Черные люди - Всеволод Иванов
Шрифт:
Интервал:
Закладка:
Легли скоро и наши путники. Поп Родион давно уже спал на лавке, густой храп гудел по всей избе. Тихон долго не мог заснуть — он еще не видывал таких разгульных московских попов.
И богатырский храп отца Родиона рождал тревогу в Тихоне: чем-то этот московский веселый поп похож был на московского боярина князя Ряполовского…
Тихон лежал, дышал овчиной и думал. Думать было трудно, потому что думы были завалены заскорузлым обычаем, страхом перед сильной рукой. Осторожностью… И все-таки думы шевелились в Тихоне, таяли, двигались, текли, как весенние воды под снегом.
Под храп попа не спали и Кирила Васильич и Пахомов — из-под шуб слышался их шепот.
— Неправо дело с водкой, нет! — говорил Пахомов. — Что книги говорят? «Добро пить понемногу, ради телесной слабости… Землю ежели поливать вовремя — она посеянное ростит, а когда ливни идут сплошные — ростут только тернии да сорняки…»
— Ну да! А воеводы да бояре пиво запрещают людям варить на праздники… Народ в корчмы загоняют… На водку. В Москву кабацких ярыжек поставили — женок отгонять, что мужей из кабаков домой тащат… То-де государевой казне убыток. Чего делают, чего делают…
Тихон уснул, не слышал уж конца разговора под шубой.
А наутро, скача по московской дороге, дядя с попутчиком продолжали разговор, надрывно, долго, — видно, что душа об многом наболела.
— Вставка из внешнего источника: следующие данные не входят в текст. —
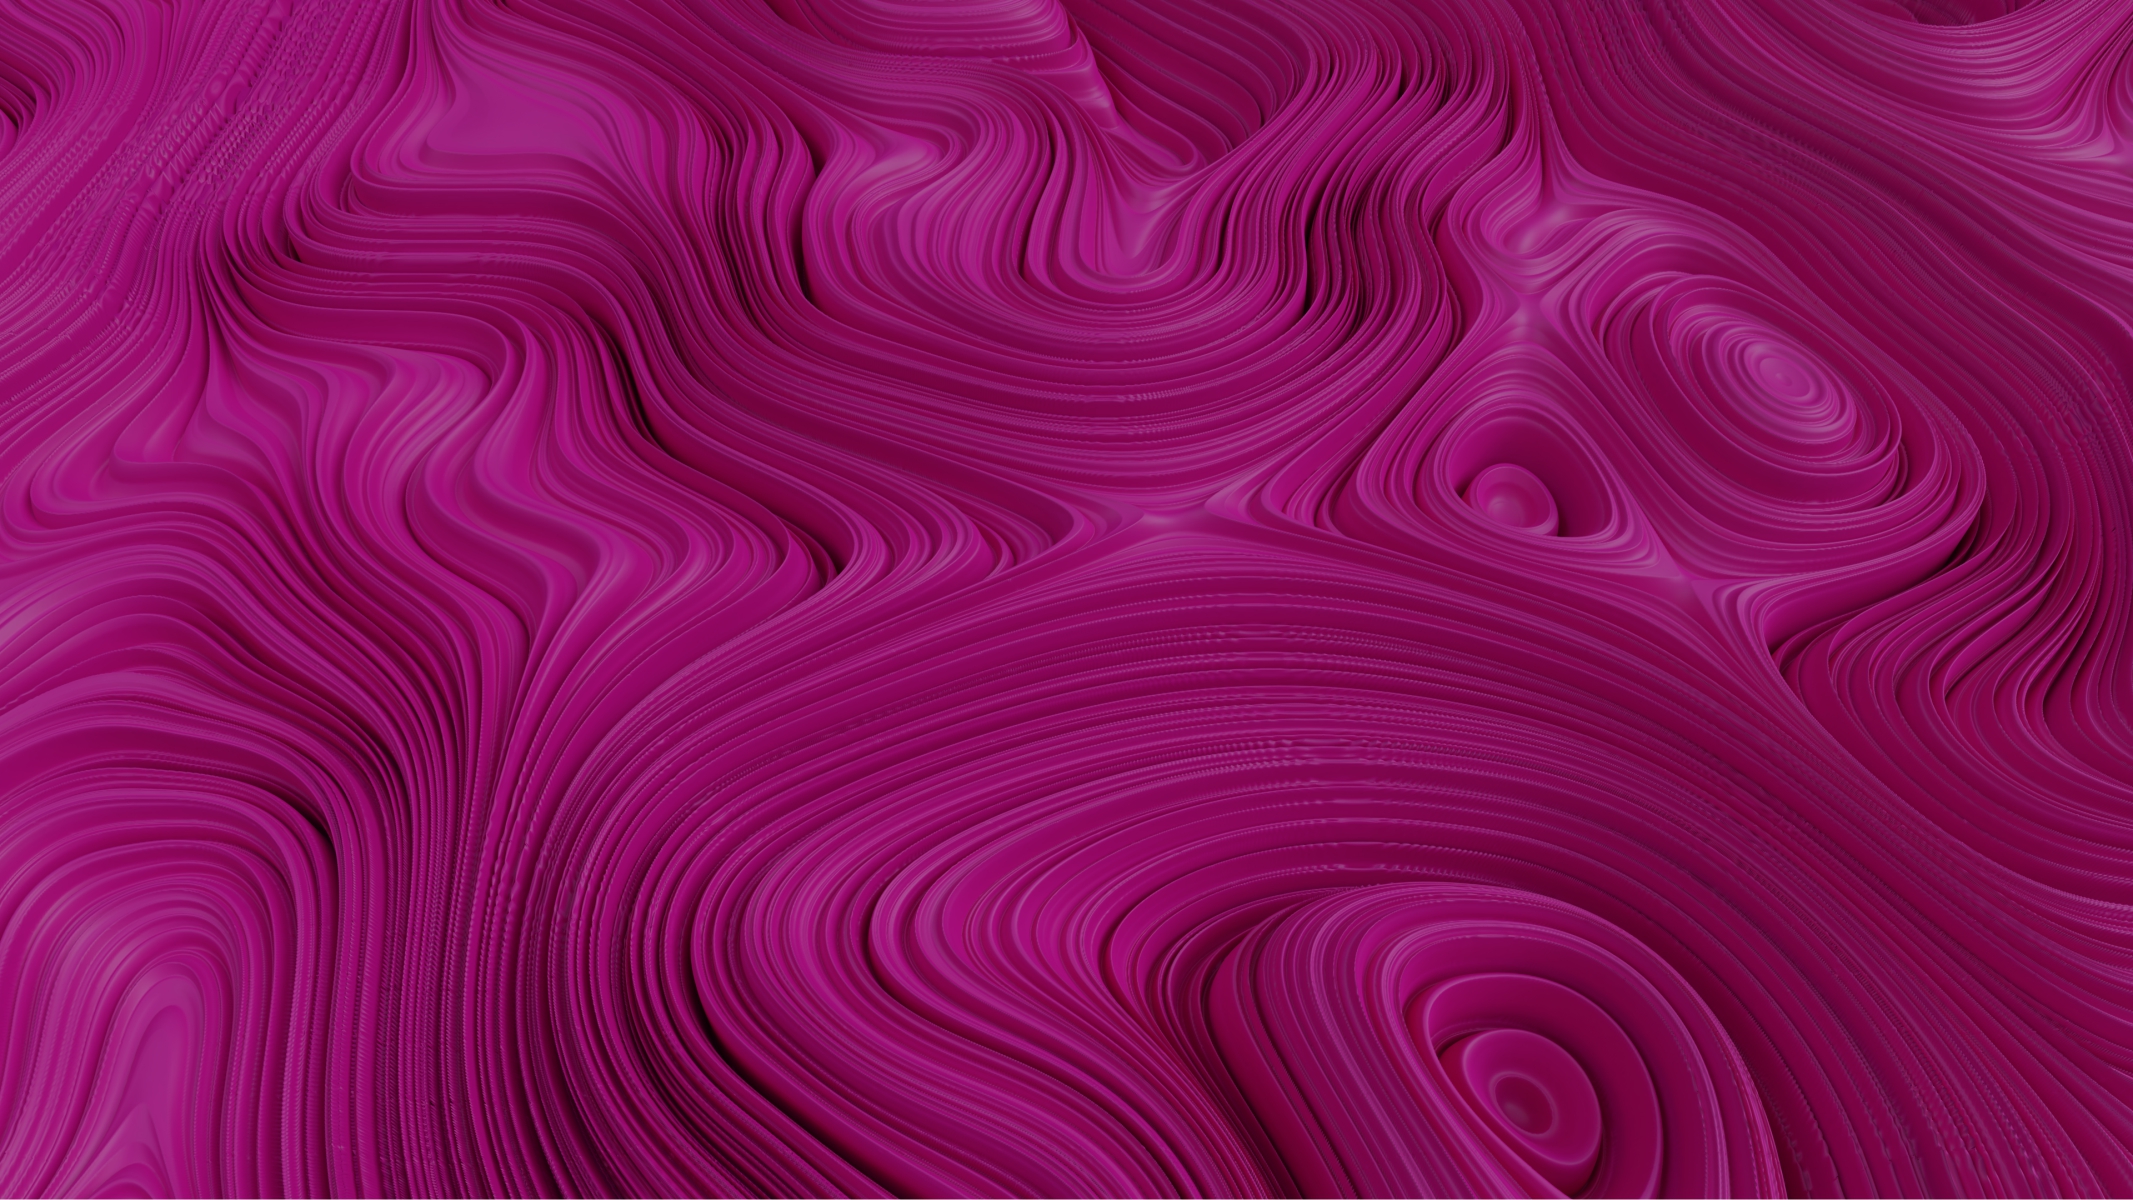 3D Background Pink Rendered Free 4K Creative Download From Coreldrawdesign

— Чем крепка Русь! — говорил Пахомов. — Простые люди у нас крепки, а диакона да попы невегласи[38]. Нет у нас рати духовной, чтобы за правду стояла. Нет! Службу церковную бредут еще еле-еле, а больше и не спрашивай. Неграмотны! Пьяницы! Вчерашнего попа вспомню — душа в ребрах мрет. Нету солнца разума, ночь безумная вокруг, глухая! А в церквах что творится! Нужны книги… нужно грамоте учить. Учителей надо, вот чего!
— А где ж их взять-то, учителей этих? — усмехнулся Кирила Васильич. — Нету у нас учителей!
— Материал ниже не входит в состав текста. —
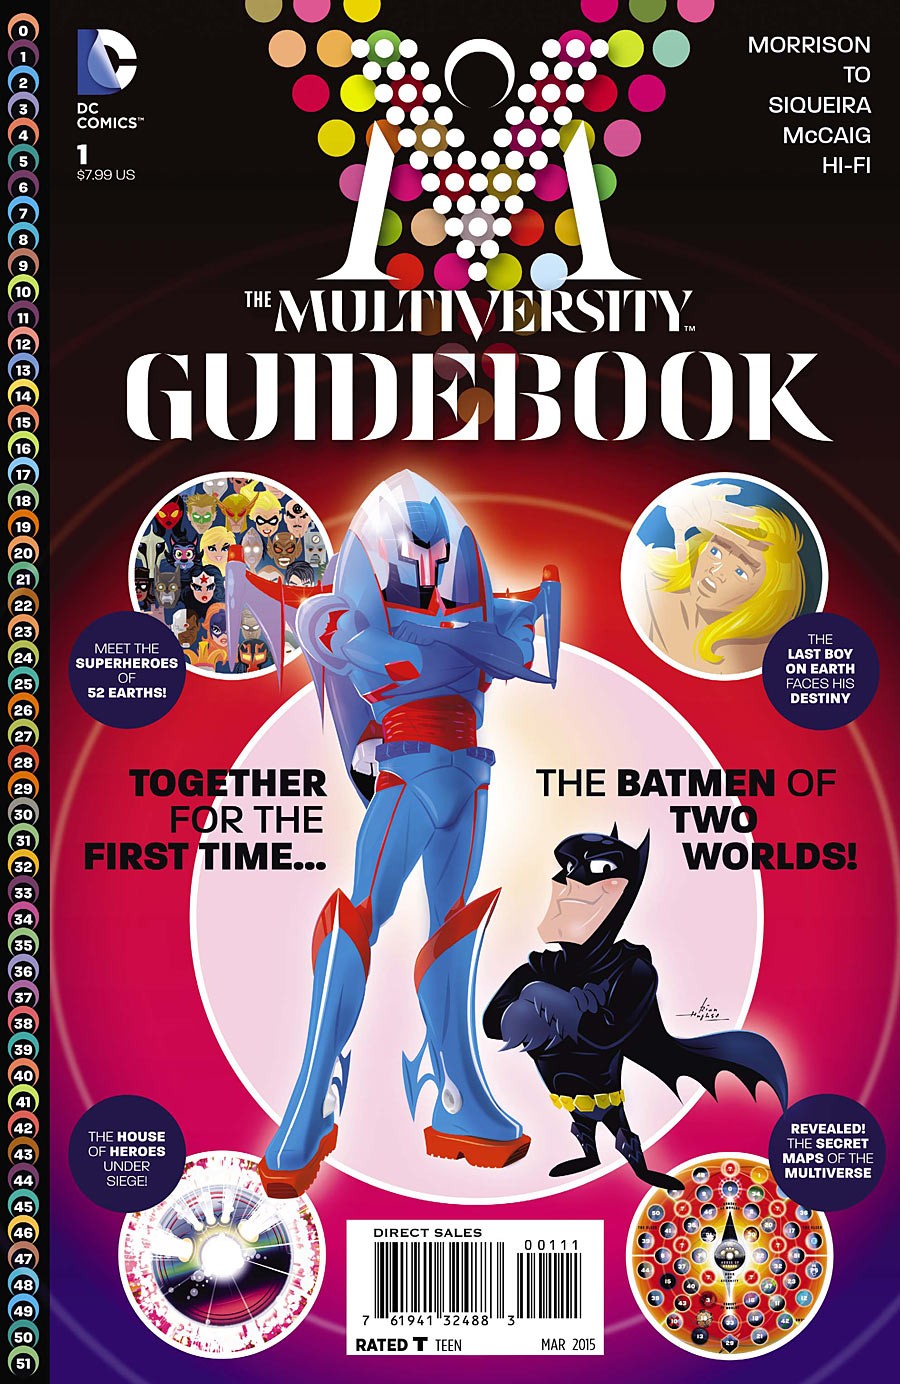 The Multiversity Guidebook Vol. 1 #1

— Будут! — убежденно выговорил Пахомов. — Будут. Есть светильники церкви! В Греции. На. Афоне. Есть четыре великих патриарха — Царьградский, Иерусалимский, Антиохийский да Александрийский, судия Вселенной.
И Пахомов загибал один палец за другим в глубоком меховом рукаве шубы.
— То-то, учителя ли нам они? — покривился Кирила Васильич. — Сами они под бусурманским султаном живут.
— А что делать-то? Что-о? — стонал Пахомов. — Нужно турок поганых из Царьграда выгнать, вот что.
— У нас у самих земли невпроворот! — возражал Кирила Васильич. — Еще, что ли, брать? Порядок нам нужен прежде всего.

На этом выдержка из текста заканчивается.